TRY IT: Below are the entries. Print only the lines starting at the one with "Nike Tiempo Legend" and ending at the one with "Sketches of 14", exactly, with no pictures.

INPUT:

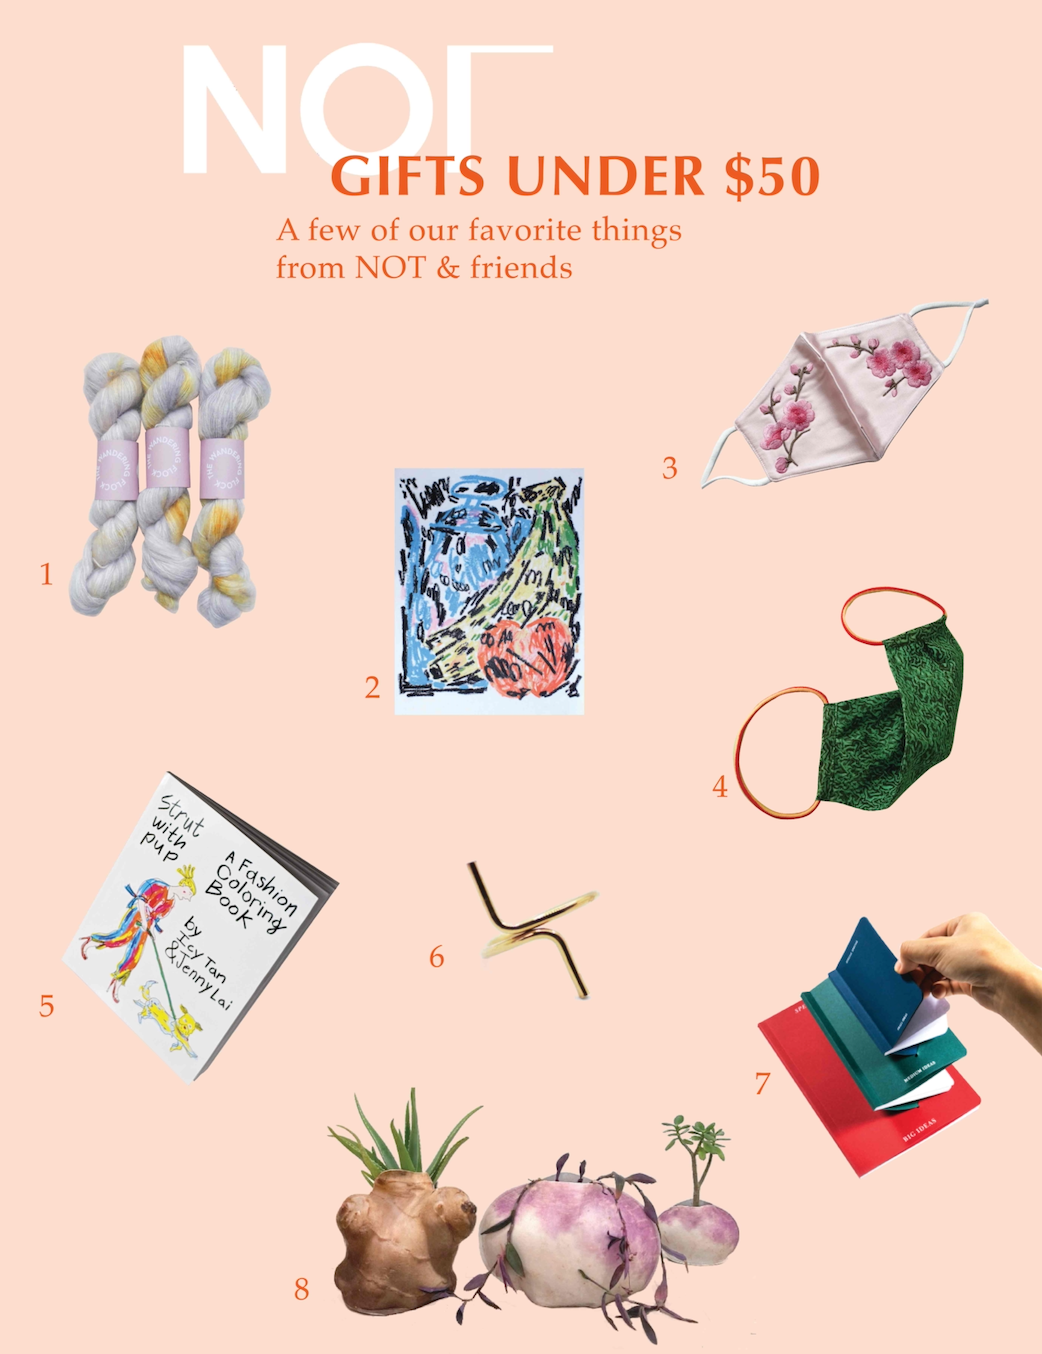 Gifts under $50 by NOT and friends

--

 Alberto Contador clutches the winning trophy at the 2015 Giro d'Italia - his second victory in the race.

==

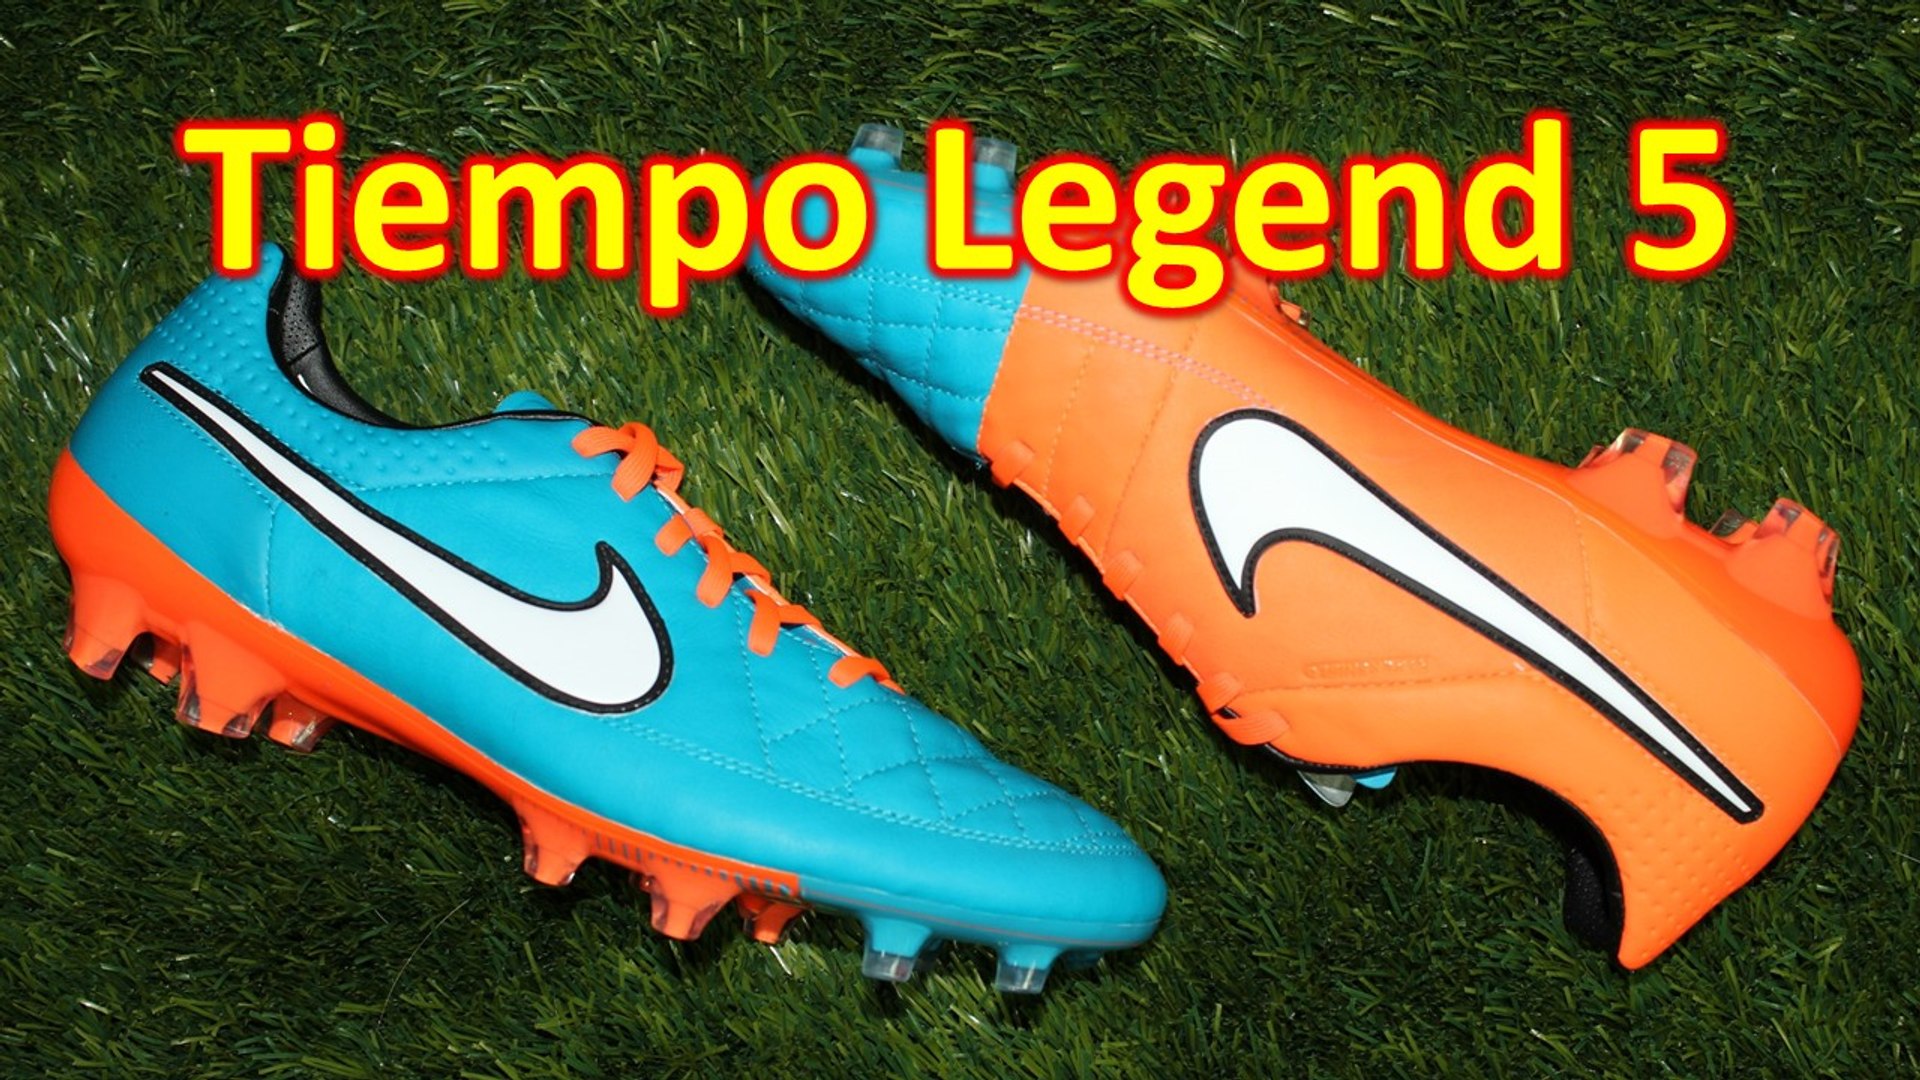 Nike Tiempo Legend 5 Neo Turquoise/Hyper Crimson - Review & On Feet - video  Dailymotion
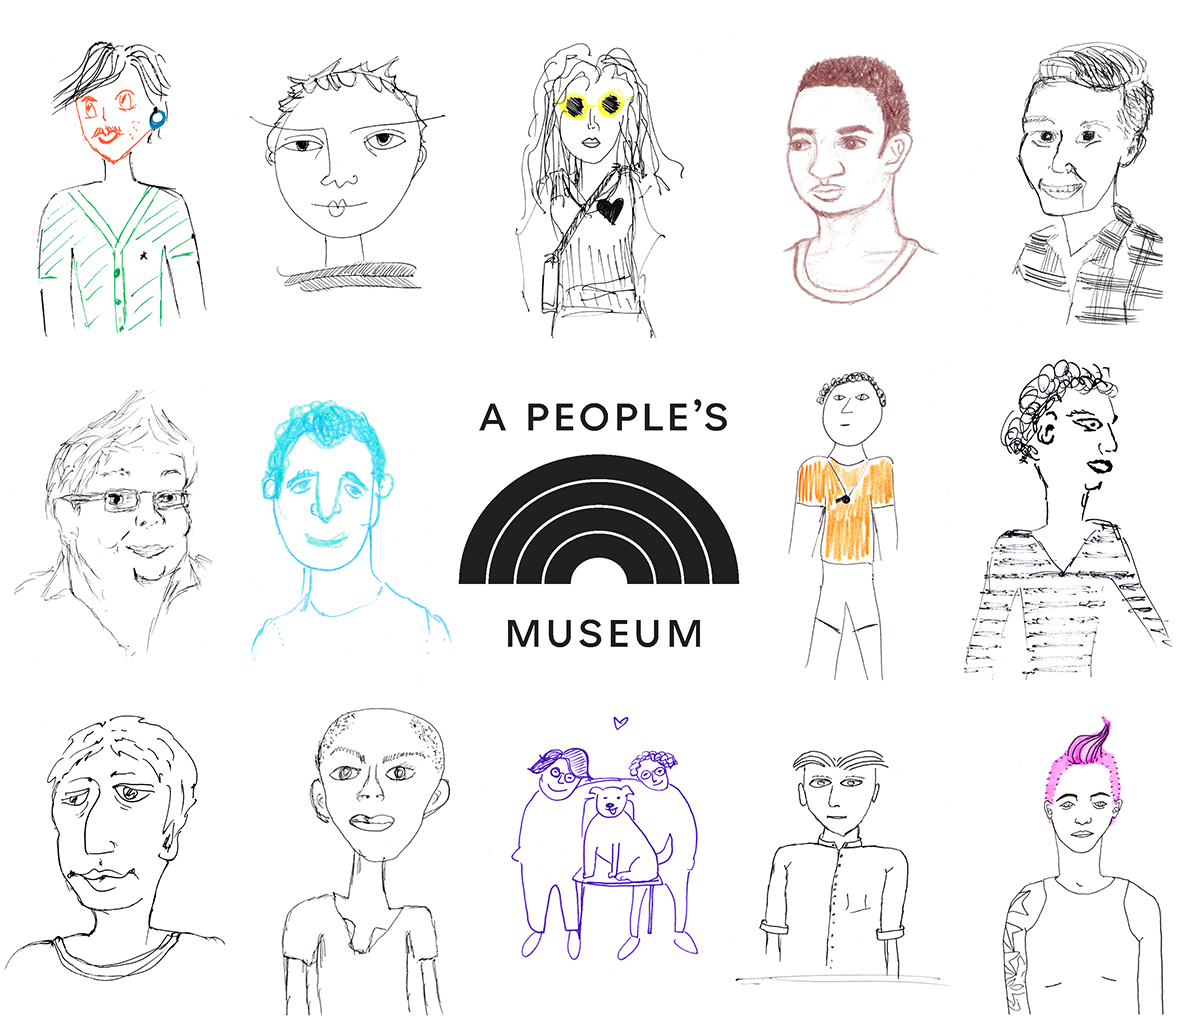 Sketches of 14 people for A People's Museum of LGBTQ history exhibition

RESULT:
 Nike Tiempo Legend 5 Neo Turquoise/Hyper Crimson - Review & On Feet - video  Dailymotion
 Sketches of 14 people for A People's Museum of LGBTQ history exhibition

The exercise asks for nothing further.